Comme beaucoup d’armoiries, le blason de Montdidier, attesté depuis 1308, tient son origine dans les sceaux municipaux médiévaux, qui représentaient fréquemment les murailles et les fortifications de la ville

Les armes de la commune de Montdidier dans la Somme, Picardie se blasonnent ainsi :

D’azur à la tour crénelée, donjonnée d’une tourelle crénelée d’argent, ouverte de gueules, maçonnée et ajourée de sable, accompagnée de sept fleurs de lis d’or, trois à dextre, trois à senestre, la septième coupée, la partie inférieure mouvant du point du chef, la partie supérieure mouvant de la pointe.

Voici une représentation du blason :

Blason MONTDIDIER-80500

On retrouve également le blason de Montdidier sans la tour ouverte de gueule (rouge) :

D’azur à la tour crénelée surmontée d’une tourelle aussi crénelée d’argent, maçonnée de sable, accompagnée de sept fleurs de lys d’or, trois de chaque côté et une coupée mi-partie en pointe et en tête.

Blason de montdidier

Ici dans un manuscrit ancien,  l’Armorial Général de France par Charles-René d’Hozier, le blason de Montdidier est fait d’un château d’or brochant sur un champ d’azur semé de fleur de lis d’or. Le château est remplacé plus tard par une tour donjonnée qui passe à l’argent.  Au cours de la fin du XXe siècle, le semé de fleurs de lis s’est mué en fleurs de lis disposées en orle autour de la tour.
Mais on pourra s’étonner encore du spécimen attribué “d’office” par Charles-René d’Hozier, qui n’a pas eu d’existence réelle.

Montdidier ancien blason

Le Devise de Montdidier

La devise : Urbs Cultissima : Ville très cultivée

Quand, comment et pourquoi la ville de Montdidier fut, au XVIIe siècle, gratifiée de l’honorable épithète  “cultissima”   ?

Tout commence dans le Paris du XVIIe siècle, dans les milieux les plus cultivés de la capitale c’est à dire les milieux universitaires et ecclésiastiques.

QUARTIER DE L’UNIVERSITÉ — Vers l’an 1601, il y a grand branle-bas, devant la porte du fameux collège de Navarre, un cortège funèbre. Les « officiers de l’Université sont là, en robe, portant leurs masses d’or et d’argent. Toutes les cours souveraines sont représentées ». Le deuil est mené par le Premier Président au Parlement, Achille de Harlay en personne. Entouré de 24 douzaines de torches, flamme au vent, le corps va être porté processionnellement dans toute l’Université, « en l’air, la tête découverte », jusqu’à Saint-Etienne-du-Mont où il sera inhumé dans la nef.

Le personnage à qui sont rendus ces hommages, « les mêmes qu’aux Princes du sang » (un enterrement de 28.000 livres) — a pour nom Germain Du Feu.
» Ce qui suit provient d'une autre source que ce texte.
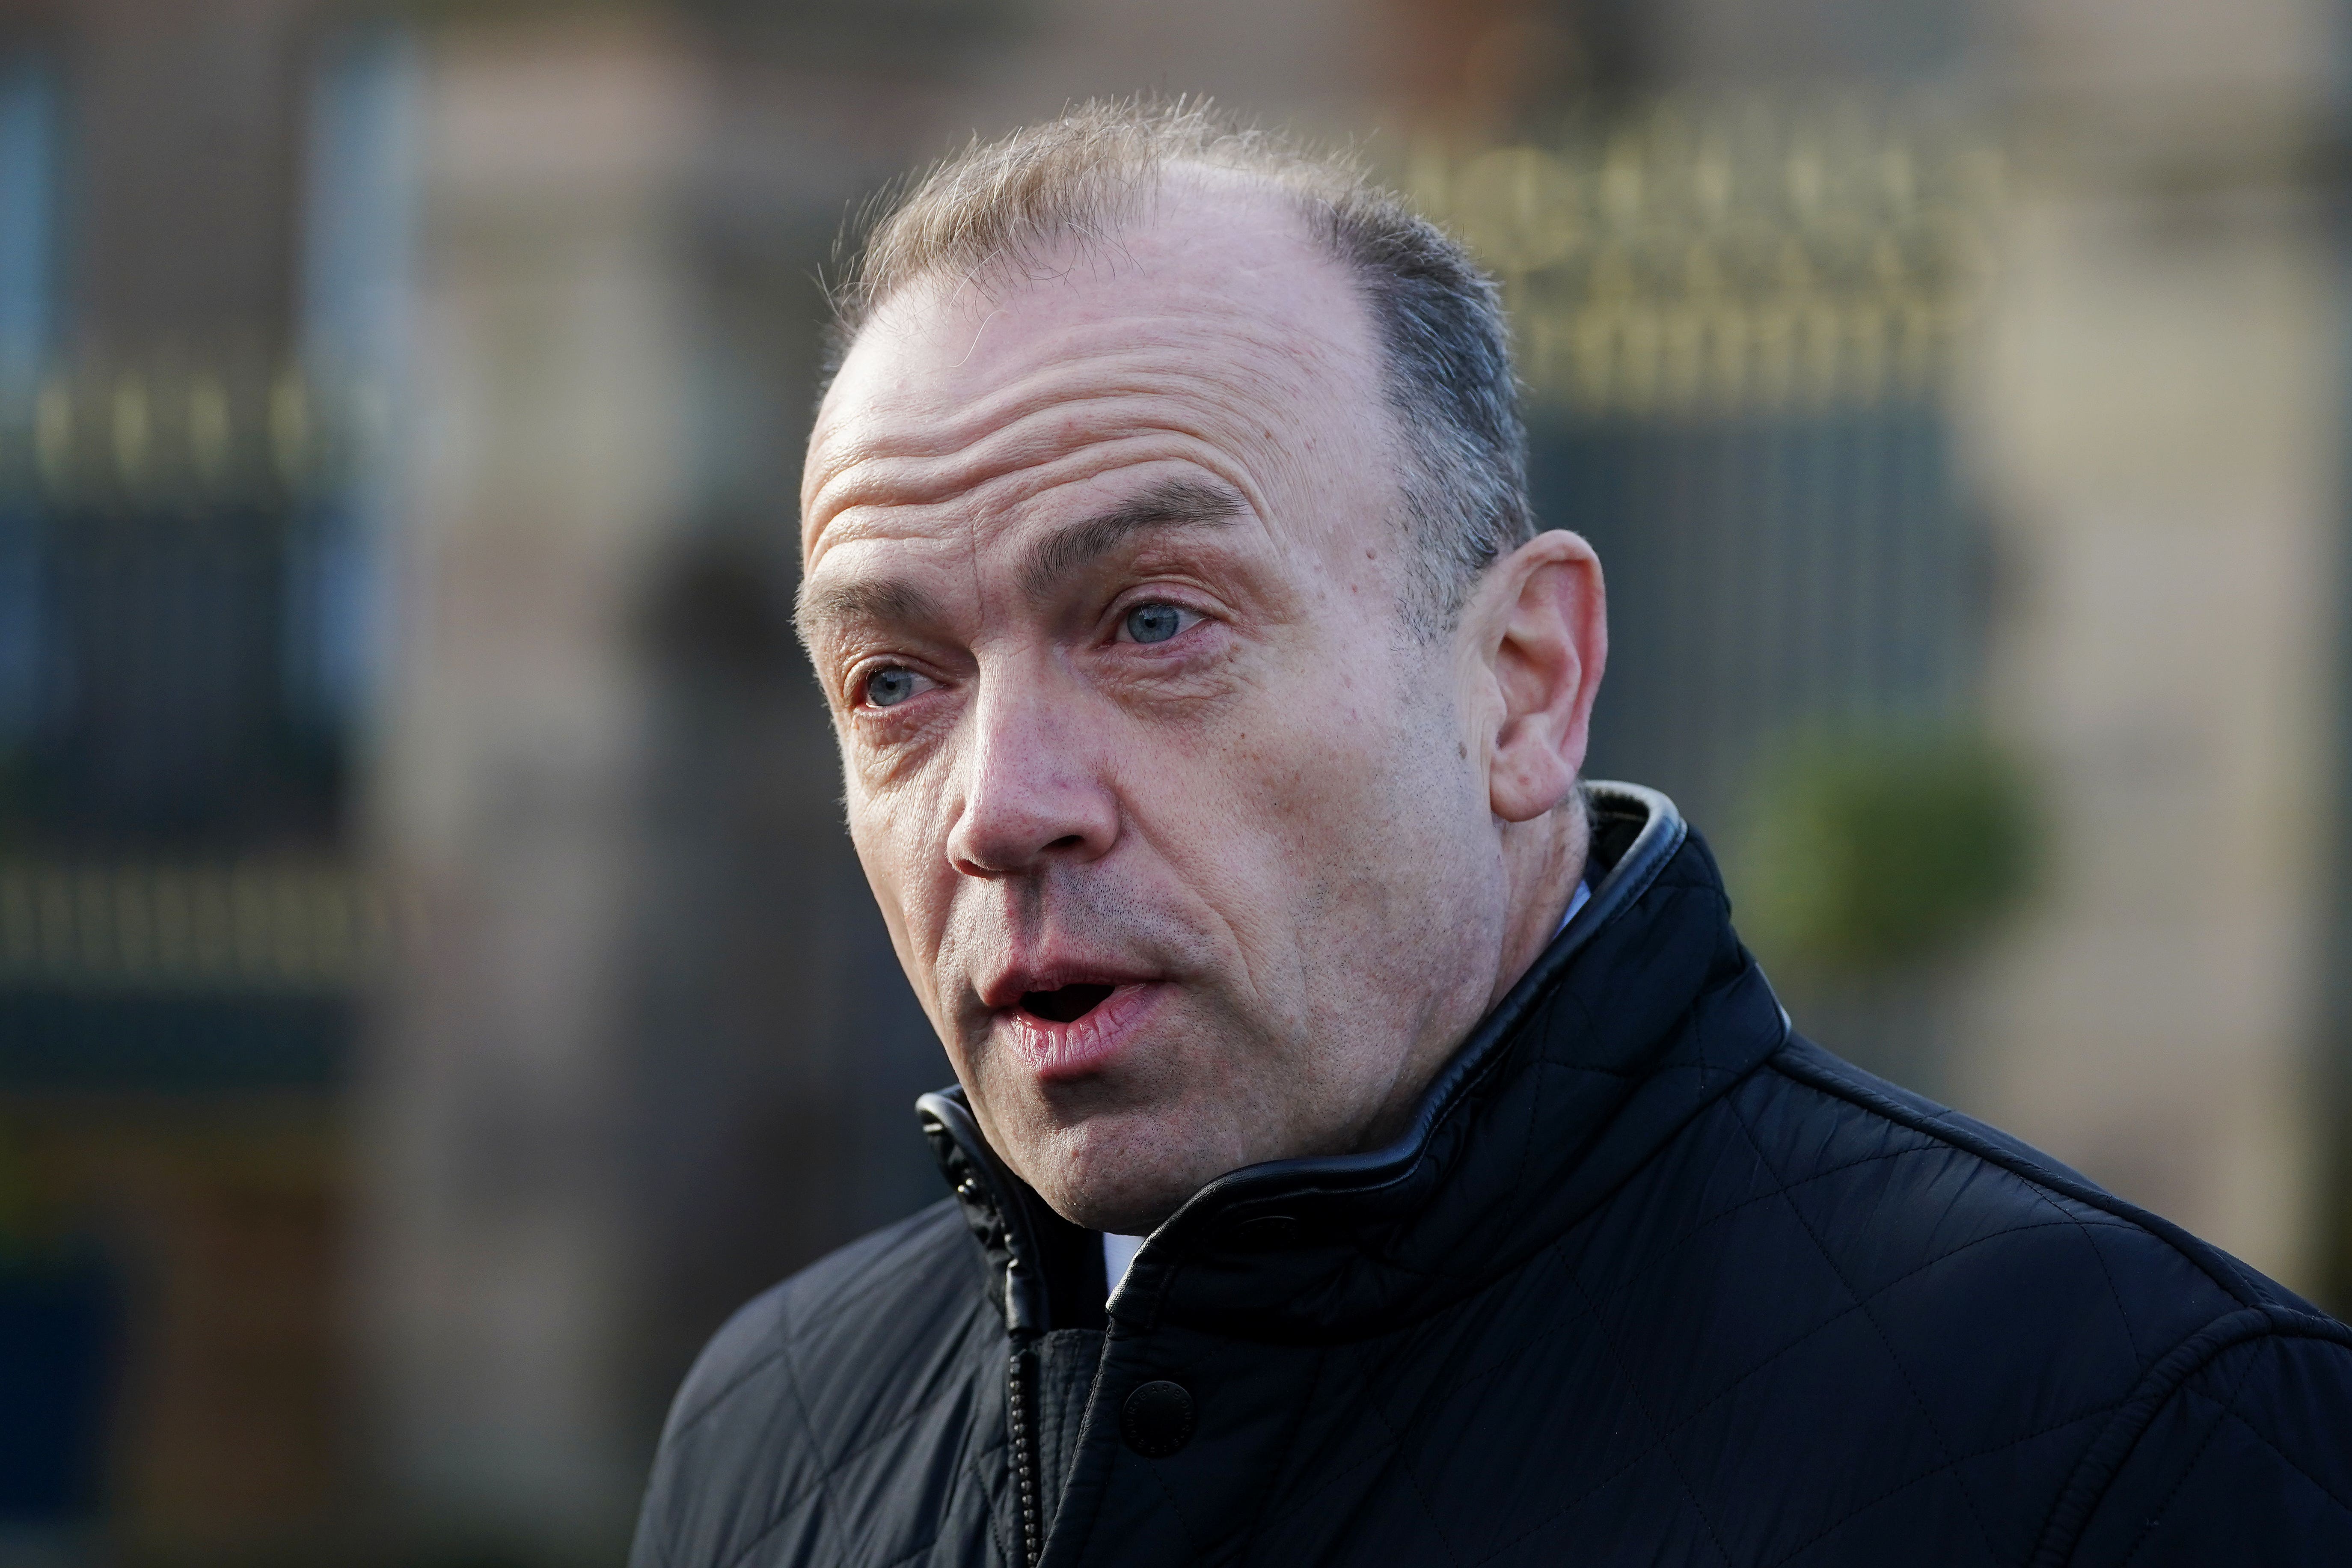 Northern Ireland Secretary Chris Heaton-Harris has revealed amendments have been introduced to controversial legacy legislation (Brian Lawless/PA)

Germain Du Feu docteur en médecine, recteur de l’Université de Paris, mort dans l’exercice de ses fonctions. Il était natif de Montdidier en Picardie, fils d’un gentilhomme de robe.

 

ÉGLISEST-SAUVEURMai 1628. Des ouvriers posent une plaque de marbre noir « sur un des piliers situé du côté de l’évangile ».
Sur l’épitaphe, nous pouvons lire :

« Johannes Hollandre, vir pietalis et probitatis numquam satis laudatae, et judicii acutissimi, ortus ex honesta familia Montisdesiderii... Universitatis rector vigilantissimus ».

Docteur en théologie, professeur de rhétorique et professeur de philosophie « in celeberrima Parisiensi universitate », possédant l’hébreu, le chaldéen et le syriaque, recteur en 1616, à 32 ans, et grand pourfendeur de l’Hérésie, il vient de mourir à l’âge de 42 ans, au grand détriment de la Ville et de l’Univers « gravissimo damno urbi et orbi ».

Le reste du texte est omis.